You do know that there are GPs and resident doctors now working as Uber drivers because they cannot find suitable clinical employment, largely due to their deliberate exclusion from ARRS funding in favour of physician associates. My comment was not a personal attack but an attempt to highlight this inequity and to point out that your criticism of the BMA may reflect a conflict of interest, given your previous involvement in PA training. The BMA, after years of largely ineffectual opposition to government neglect and the steady erosion of our terms and conditions, is finally beginning to advocate for the profession before our young doctors choose to leave altogether.

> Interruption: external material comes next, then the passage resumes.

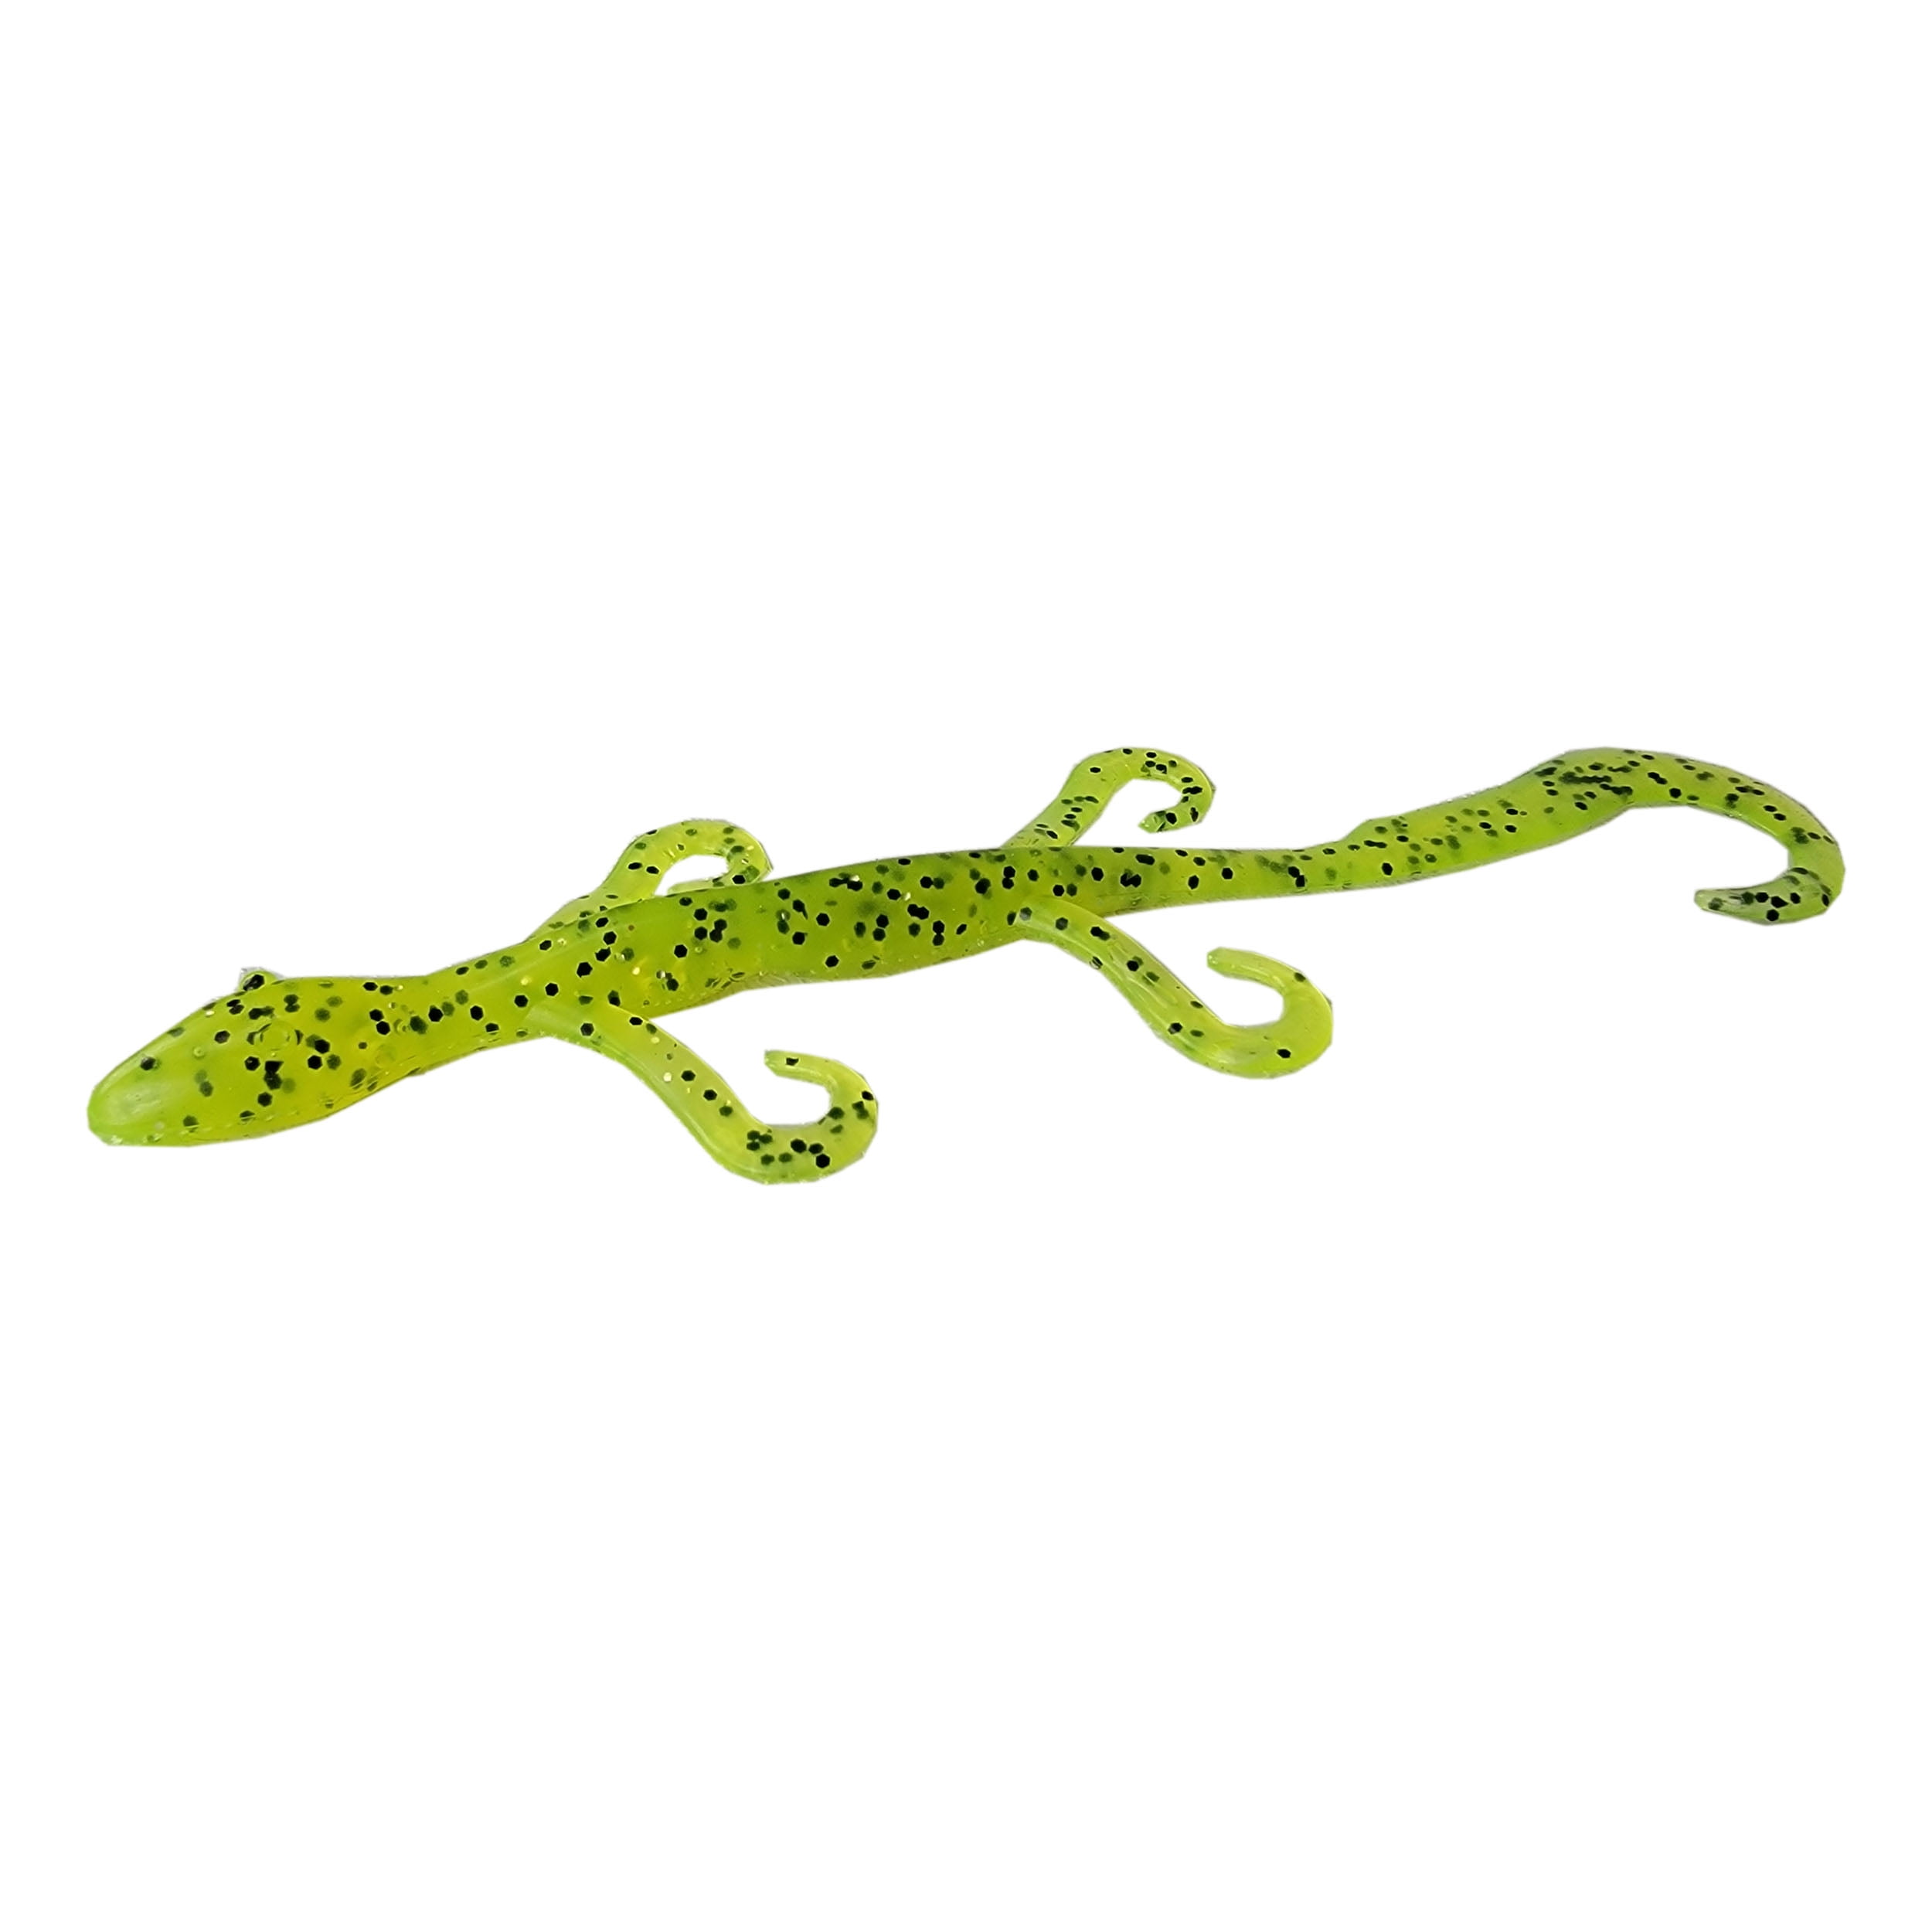 Tackle HD 12-Pack Lizard Fishing Lure, 6-Inch Soft Plastic Fishing

Shaun I don’t think the BMA are trying to privatise health I suspect that is what Labour is currently doing. Have a look at the 10 year plan, have a look at the PFI plans for neighbourhood centres, the opening up to private healthcare providers running primary care as the multi centres, prioritising the Pharmaceutical industry for weight loss instead of the public health solutions in the Dimbleby commission, the prioritisation of AI, US tech billionaires. Doctors are not here to prop up the deliberate funnelling of public money to US multinational corporations. I think the current Labour party is the risk not the BMA or doctors and its not a competition over who gets paid. Frontline staff need to all be paid and if this government stops trying to line the pockets of their donors and lobbyists they could do that. Even with the 21 billion they raised from NI insurance employer payments that has killed job opportunities and the economy Streeting will only use it for private healthcare providers to target elective waiting lists and boast about number when patients have said they want better GP services.
If its not the big corporations this government is not interested.

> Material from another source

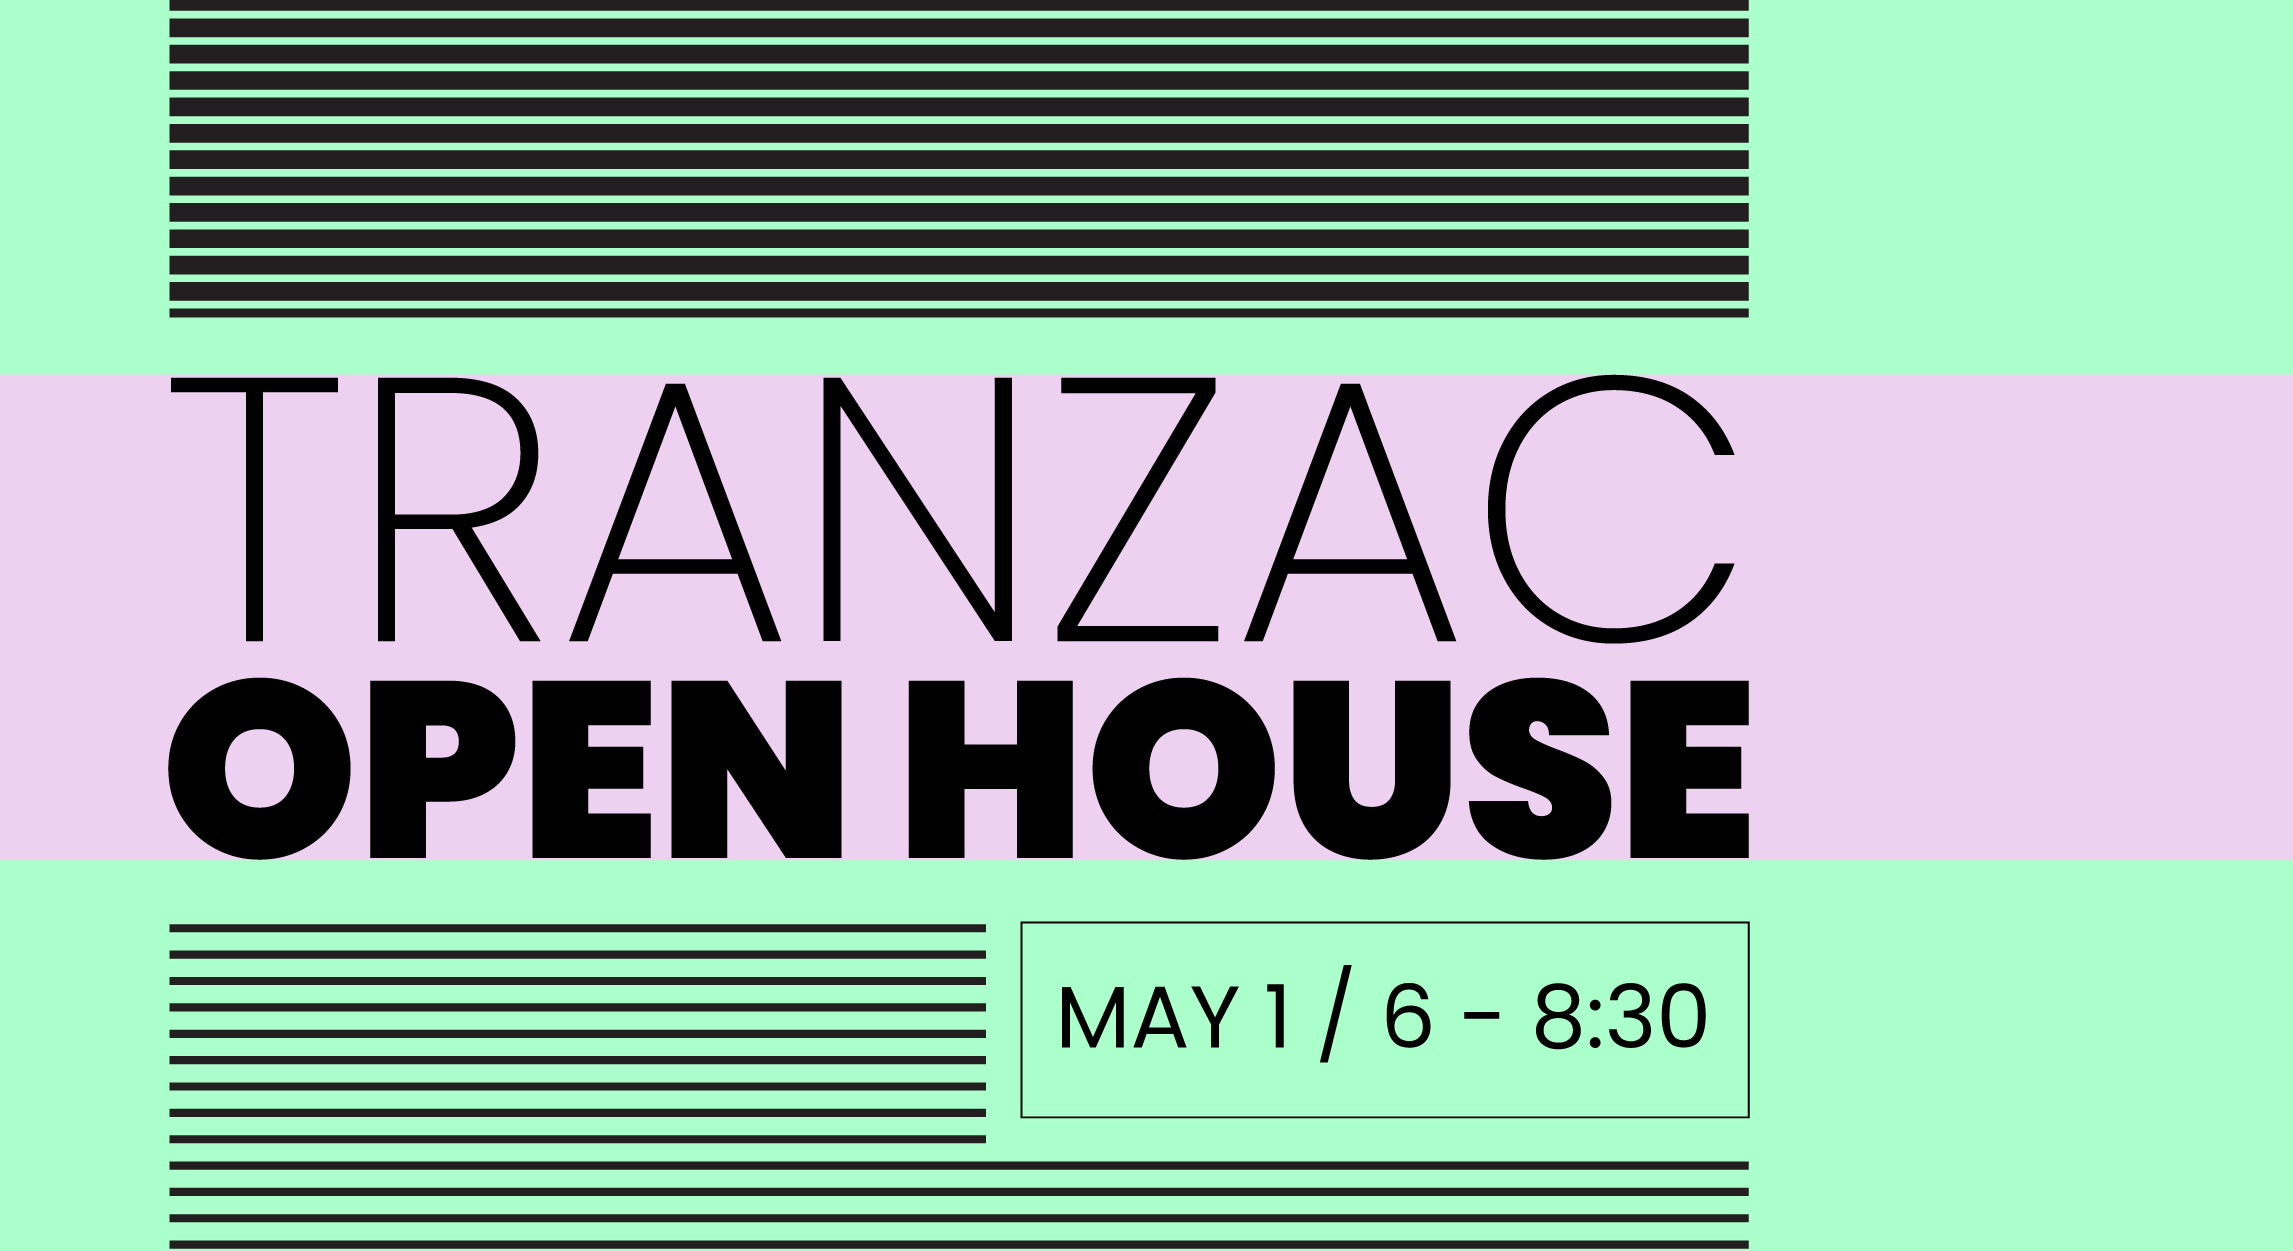 TRANZAC Open House May 1, 6-8:30

Not in patients, not in staff, not in the majority of the population-just the big companies I’m afraid.
Income, education, housing, diet and employment (and also now elderly demographic) are the reasons our NHS struggles as always( see Black report 1980 and recent Kings Fund health inequality). BMA argue that to reverse this needs more and more doctors in more and more specialties away from primary care. We struggled to attract doctors to primary care even as doctors specialty posts became oversubscribed..as was inevitable. Over last twenty year universities have quadrupled their doctor numbers with failing health outcomes- why is that if, as BMA argue, more doctors mean better health for all? I would argue that BMA has shifted its position into telling our public the NHS owes doctors much more than many thousands of other workers who work just as hard daily and with much less pay. So we can ignore the needs of our population so doctors get what they need instead. That is a PR disaster for all doctors. Surely we must see that as well as doctors ( I don’t argue for less but must be in primary care!) we need others to tackle these determinants of ill health at a level which deals with diet, employment, housing and education (and elderly care) Thank you for engaging a debate as it should be- I disagree with your assessment-the 21 billion is a tiny part of the hole in our economy from brexit ( 4% plus GDP every year), the disgraceful disruption of our economy by previous budgets and the two dictators in USA and Russia.
Wes Streeting isn’t interested in the NHS. Wes Streeting is interested in the top job. The NHS is a stepping stone that he has put a big boot on. He will soon be looking in his rear view mirror at the destruction left in his wake.